── TASK MATERIAL

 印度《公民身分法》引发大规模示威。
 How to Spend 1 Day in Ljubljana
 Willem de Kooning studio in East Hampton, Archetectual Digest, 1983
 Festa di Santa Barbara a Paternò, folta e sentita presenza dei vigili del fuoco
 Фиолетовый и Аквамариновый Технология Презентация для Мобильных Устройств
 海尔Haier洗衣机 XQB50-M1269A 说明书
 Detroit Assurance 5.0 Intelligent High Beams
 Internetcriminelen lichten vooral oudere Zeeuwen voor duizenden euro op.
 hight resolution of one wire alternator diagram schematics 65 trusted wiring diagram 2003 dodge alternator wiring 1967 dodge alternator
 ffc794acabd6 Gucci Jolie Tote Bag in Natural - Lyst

────

**WORK TASK**. Set down nothing but the lines from the one containing "Festa di Santa" through the final line above, exactly as written.

**RESPONSE TO THIS TASK**.
 Festa di Santa Barbara a Paternò, folta e sentita presenza dei vigili del fuoco
 Фиолетовый и Аквамариновый Технология Презентация для Мобильных Устройств
 海尔Haier洗衣机 XQB50-M1269A 说明书
 Detroit Assurance 5.0 Intelligent High Beams
 Internetcriminelen lichten vooral oudere Zeeuwen voor duizenden euro op.
 hight resolution of one wire alternator diagram schematics 65 trusted wiring diagram 2003 dodge alternator wiring 1967 dodge alternator
 ffc794acabd6 Gucci Jolie Tote Bag in Natural - Lyst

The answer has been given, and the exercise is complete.